Lygia Pape | Passaporte para a Imortalidade
- Marisa Melo

- 17 de mar.
- 3 min de leitura
A Arte é o espelho da nossa alma. Dorian Gray e Fausto retratam sonhos: beleza, prazer, sabedoria... Oscar Wilde e Goethe souberam captar nosso íntimo, retratar suas épocas e entraram para a História. Esse é o poder da folha, da partitura e da tela em branco. Elas não esperam apenas mais um texto, mais uma canção, mais um quadro. Diante delas, um inglês escreveu “Ser ou não ser”. Um alemão combinou quatro notas mágicas em sua 5ª Sinfonia. E um italiano pintou um sorriso enigmático. Passaram-se os séculos. E Shakespeare, Beethoven e da Vinci seguem vivos e reverenciados. Nenhum deles planejou isso. Mas ao traduzirem suas almas em suas obras, conquistaram um passaporte para a imortalidade. Quando essa entrega acontece, o observador é conquistado. E aplaude um estilo, que buscará avidamente no próximo quadro. Até criar uma intimidade que lhe permita em segundos relacionar a obra ao autor.
Vamos conversar sobre alguns artistas e seus estilos inconfundíveis.
Hoje conosco, Lygia Pape.

Trajetória e estilo
Lygia Pape nasceu em 7 de abril de 1927, no Rio de Janeiro, e faleceu na mesma cidade em 3 de maio de 2004. Mas falar dela apenas em termos de datas é pouco: sua obra foi uma travessia entre forma e vida, entre disciplina construtiva e liberdade sensorial. Sua inserção no grupo neoconcreto, ao lado de nomes como Hélio Oiticica e Lygia Clark, não foi mero acaso histórico, mas a resposta de uma artista que se recusava a reduzir a arte à lógica mecânica da geometria. Para ela, o rigor não era prisão, era impulso para abrir caminhos que tocassem corpo, tempo e experiência.
Ainda jovem, estudou filosofia, o que lhe deu ferramentas para pensar a arte como reflexão crítica e não apenas como prática formal.
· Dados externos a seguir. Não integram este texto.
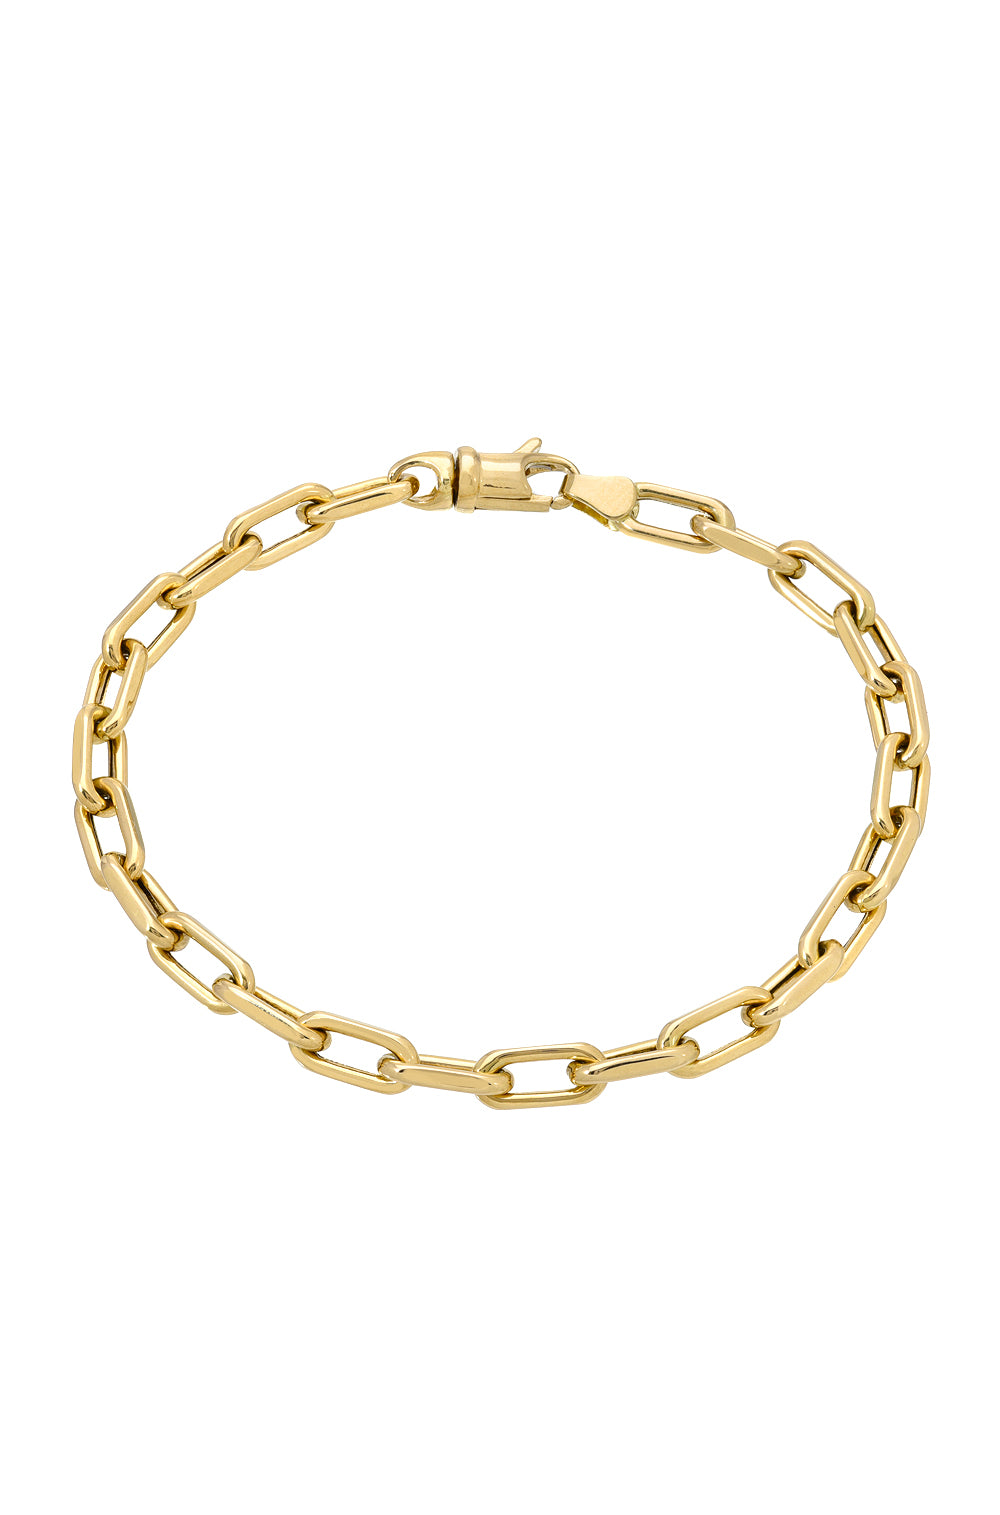 14K Gold Large Open Link Chain Bracelet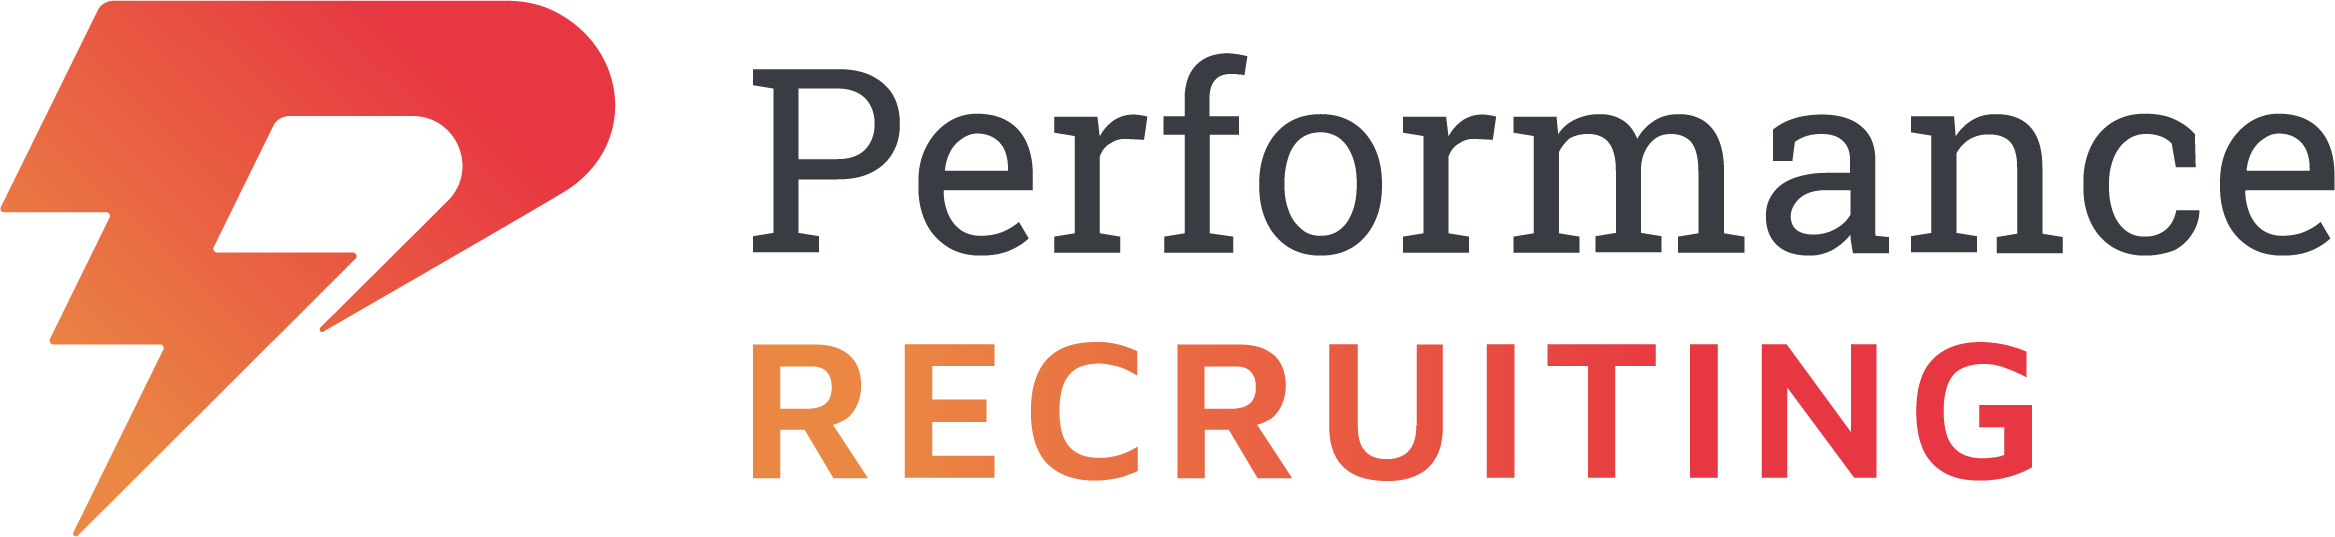 Performance Recruiting GmbH Logo

Esse olhar expandido fez com que suas criações se desdobrassem em múltiplos suportes: gravura, filme, instalação, livro-objeto. A artista nunca se deixou aprisionar por um único meio, preferindo sempre o risco de experimentar.

Obras emblemáticas
Um dos trabalhos mais marcantes desse espírito é o Livro da Criação, realizado em 1960. Não é livro no sentido convencional, mas um conjunto de páginas que se abrem como exercícios de origem. Cada folha, com formas geométricas recortadas, convida o leitor a reconstruir a narrativa da gênese. O ato de virar as páginas se transforma em gesto criador: quem lê não apenas observa, mas participa da própria invenção do mundo. É nesse deslocamento, da contemplação passiva para a ação criadora, que Lygia se diferencia. Sua obra pede proximidade.
Nos anos 1970, e sobretudo a partir dos 1990, a artista desenvolveu a série Ttéia, talvez sua criação mais conhecida. O título mistura a palavra “teia” com a ideia de “tatear”, sugerindo uma rede que é tanto visual quanto tátil. São fios metálicos estendidos em cantos ou no meio de salas, iluminados de tal maneira que parecem linhas de luz suspensas no ar. Quem atravessa esses espaços tem a sensação de adentrar uma arquitetura invisível, onde o corpo se torna parte da obra. Se Mondrian buscava a pureza da forma no quadro, Lygia levava essa busca para o espaço, criando experiências que dissolvem fronteiras entre material e imaterial.
Além dessas criações, Pape explorou o cinema experimental, registrando o cotidiano brasileiro com olhar crítico e poético. Filmes como Eat Me e O Guarda-Chuva Vermelho revelam uma artista atenta às contradições sociais e à potência política da imagem. Em todos os suportes que escolheu, a marca foi a mesma: questionar limites, convidar à participação, transformar o olhar em experiência.
Sua morte em 2004 interrompeu uma trajetória ainda em expansão, mas não encerrou sua presença. Ao contrário, sua obra se fortaleceu nos últimos anos com exposições retrospectivas em grandes instituições internacionais como o MoMA, em Nova York, e a Fundação Reina Sofía, em Madri. Esse reconhecimento tardio apenas confirma o alcance universal de uma artista que nunca buscou fama, mas consistência.
Lygia Pape conquistou seu passaporte para a imortalidade ao mostrar que a arte não precisa escolher entre razão e sensibilidade. Em suas mãos, a geometria não era cálculo frio, mas energia pulsante; a linha não era limite, mas convite à travessia. Cada trabalho seu abre espaço para que o público se torne coautor, lembrando que criar é sempre um ato compartilhado. Sua arte segue viva porque continua a oferecer essa experiência de participação: uma teia luminosa, aberta, indomesticável.